The Wreck Of The Titan
by [?]

He heard a rushing sound, and looking for it, saw in the opposite direction a formless object, as much darker than the gray of the void as the flame was brighter, and it too was growing larger, and coming. And it seemed to him that this light and darkness were the good and evil of his life, and he watched, to see which would reach him first, but felt no surprise or regret when he saw that the darkness was nearest. It came, closer and closer, until it brushed him on the side.

“What have we here, Rowland?” said a voice. Instantly, the whirling points were blotted out; the universe of gray changed to the fog; the flame of light to the moon rising above it, and the shapeless darkness to the form of the first officer. The little white figure, which had just darted past the three watchers, stood at his feet. As though warned by an inner subconsciousness of danger, it had come in its sleep, for safety and care, to its mother’s old lover–the strong and the weak–the degraded and disgraced, but exalted–the persecuted, drugged, and all but helpless John Rowland.

With the readiness with which a man who dozes while standing will answer the question that wakens him, he said–though he stammered from the now waning effect of the drug: “Myra’s child, sir; it’s asleep.” He picked up the night-gowned little girl, who screamed as she wakened, and folded his pea-jacket around the cold little body.

“Who is Myra?” asked the officer in a bullying tone, in which were also chagrin and disappointment. “You’ve been asleep yourself.”

Before Rowland could reply a shout from the crow’s-nest split the air.

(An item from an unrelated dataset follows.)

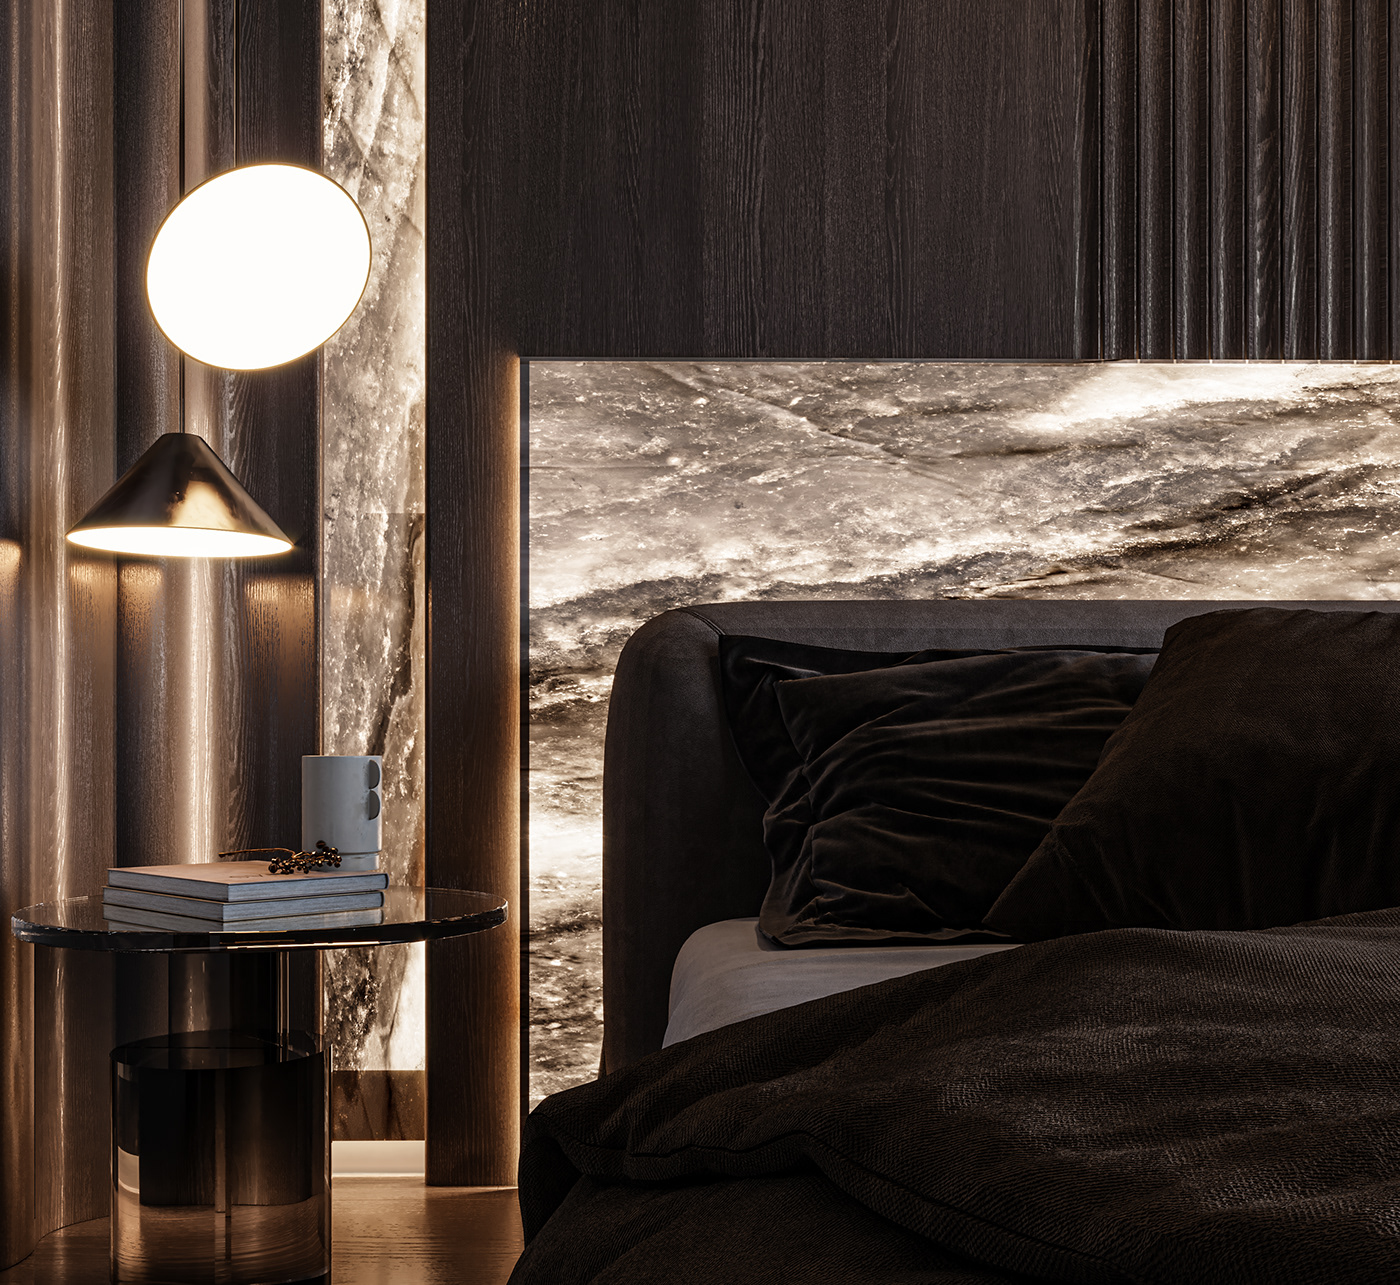 corona 3ds max visualization interior design  architecture Interior home minimal bedroom rendre

“Ice,” yelled the lookout; “ice ahead. Iceberg. Right under the bows.” The first officer ran amidships, and the captain, who had remained there, sprang to the engine-room telegraph, and this time the lever was turned. But in five seconds the bow of the Titan began to lift, and ahead, and on either hand, could be seen, through the fog, a field of ice, which arose in an incline to a hundred feet high in her track. The music in the theater ceased, and among the babel of shouts and cries, and the deafening noise of steel, scraping and crashing over ice, Rowland heard the agonized voice of a woman crying from the bridge steps: “Myra–Myra, where are you? Come back.”

CHAPTER VII

Seventy-five thousand tons–dead-weight–rushing through the fog at the rate of fifty feet a second, had hurled itself at an iceberg. Had the impact been received by a perpendicular wall, the elastic resistance of bending plates and frames would have overcome the momentum with no more damage to the passengers than a severe shaking up, and to the ship than the crushing in of her bows and the killing, to a man, of the watch below. She would have backed off, and, slightly down by the head, finished the voyage at reduced speed, to rebuild on insurance money, and benefit, largely, in the end, by the consequent advertising of her indestructibility. But a low beach, possibly formed by the recent overturning of the berg, received the Titan, and with her keel cutting the ice like the steel runner of an ice-boat, and her great weight resting on the starboard bilge, she rose out of the sea, higher and higher–until the propellers in the stern were half exposed–then, meeting an easy, spiral rise in the ice under her port bow, she heeled, overbalanced, and crashed down on her side, to starboard.

The holding-down bolts of twelve boilers and three triple-expansion engines, unintended to hold such weights from a perpendicular flooring, snapped, and down through a maze of ladders, gratings, and fore-and-aft bulkheads came these giant masses of steel and iron, puncturing the sides of the ship, even where backed by solid, resisting ice; and filling the engine- and boiler-rooms with scalding steam, which brought a quick, though tortured death, to each of the hundred men on duty in the engineer’s department.